Now the remaining uncrossed S on the list are all ones where Mr P could determine which one it is after looking at the P, and knowing what Mr S said the first time. For instance if P= 18 or 24 or 28, the only possible S is 11.

But for Mr S to now know what P is, the S must have only one remaining product that’s not crossed off. So S=11 doesn’t work because Mr S doesn’t know whether P is 18, 24 or 28. So we need to go through the list of remaining S’s and see if any have only one product not crossed out. [/spoiler]
Or am I all wrong, here?

19

Huh? What do you mean by this? What is “the answer” if not the original two numbers?

Perhaps you mean that the answer is the sum and the product. But it’s easy to determine two numbers from their sum and their product: dividing their sum by two gives their average M. Then, we know that the two numbers take the form M+d and M-d for some common deviation d from the average. Thus, their product is (M+d)*(M-d) = M^2 - d^2. Thus, d is sqrt(M^2-product). Putting this all together, we have that the two numbers are sum/2 + sqrt((sum/2)^2-product) and sum/2 - sqrt((sum/2)^2-product).

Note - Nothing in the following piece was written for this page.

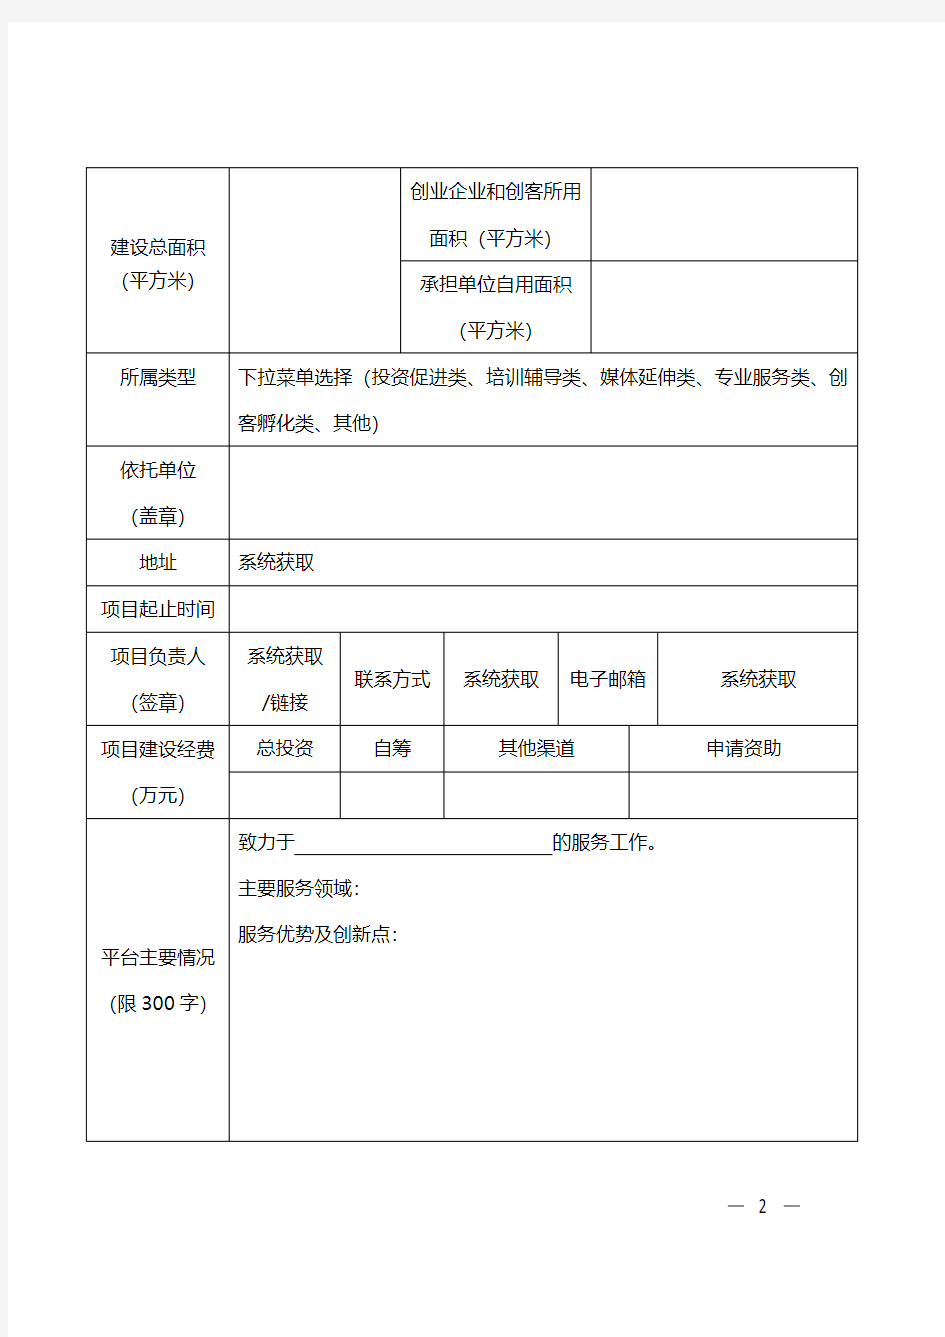 重庆市众创空间(科技企业孵化器)建设专项项目申请书【附件】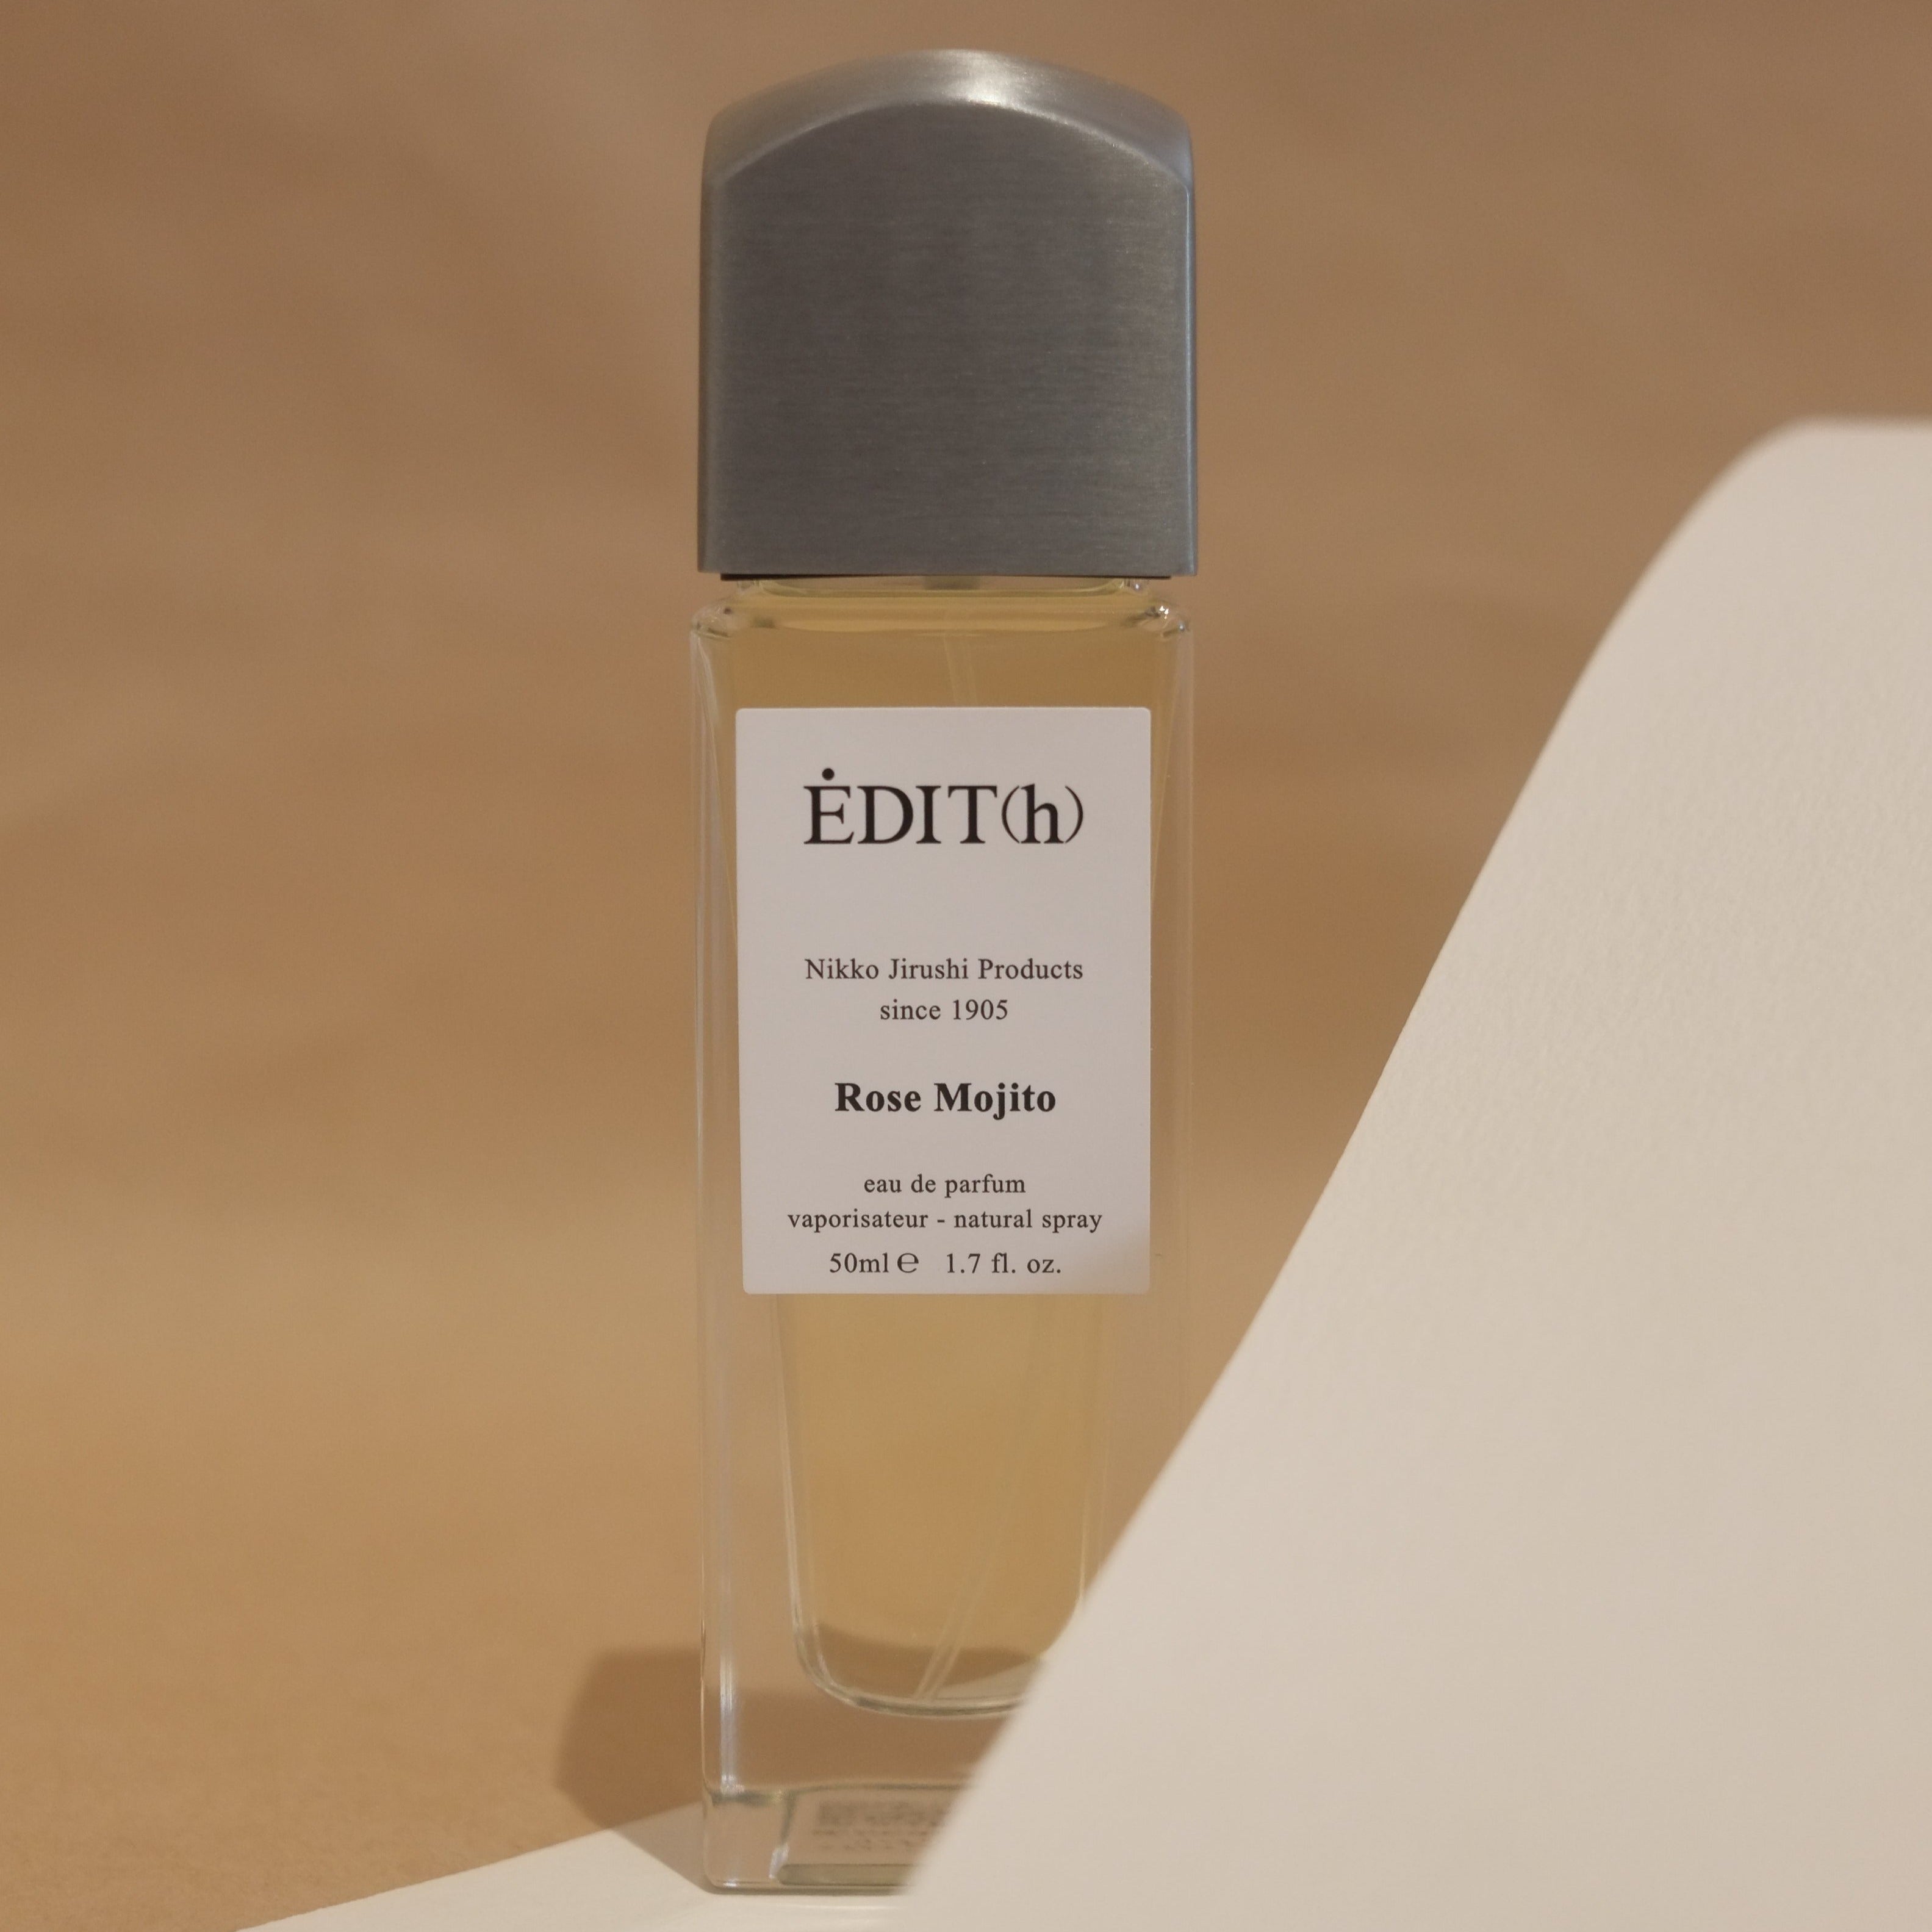 ÉDIT(h) – Normcore Fragrance

(In my above code, I erroneously wrote the comment "–Thus, we rephrase “I don’t know the sum/product” into “I don’t know (a, b)” because of this, though, of course, that much is immediate; what this really tells us is that we can rephrase “I do know the sum/product” into “I do know (a, b)”.)

20

Actually, ignore this; rephrasing should take a statement into an equivalent one, not just one it implies, so what I originally said was fine.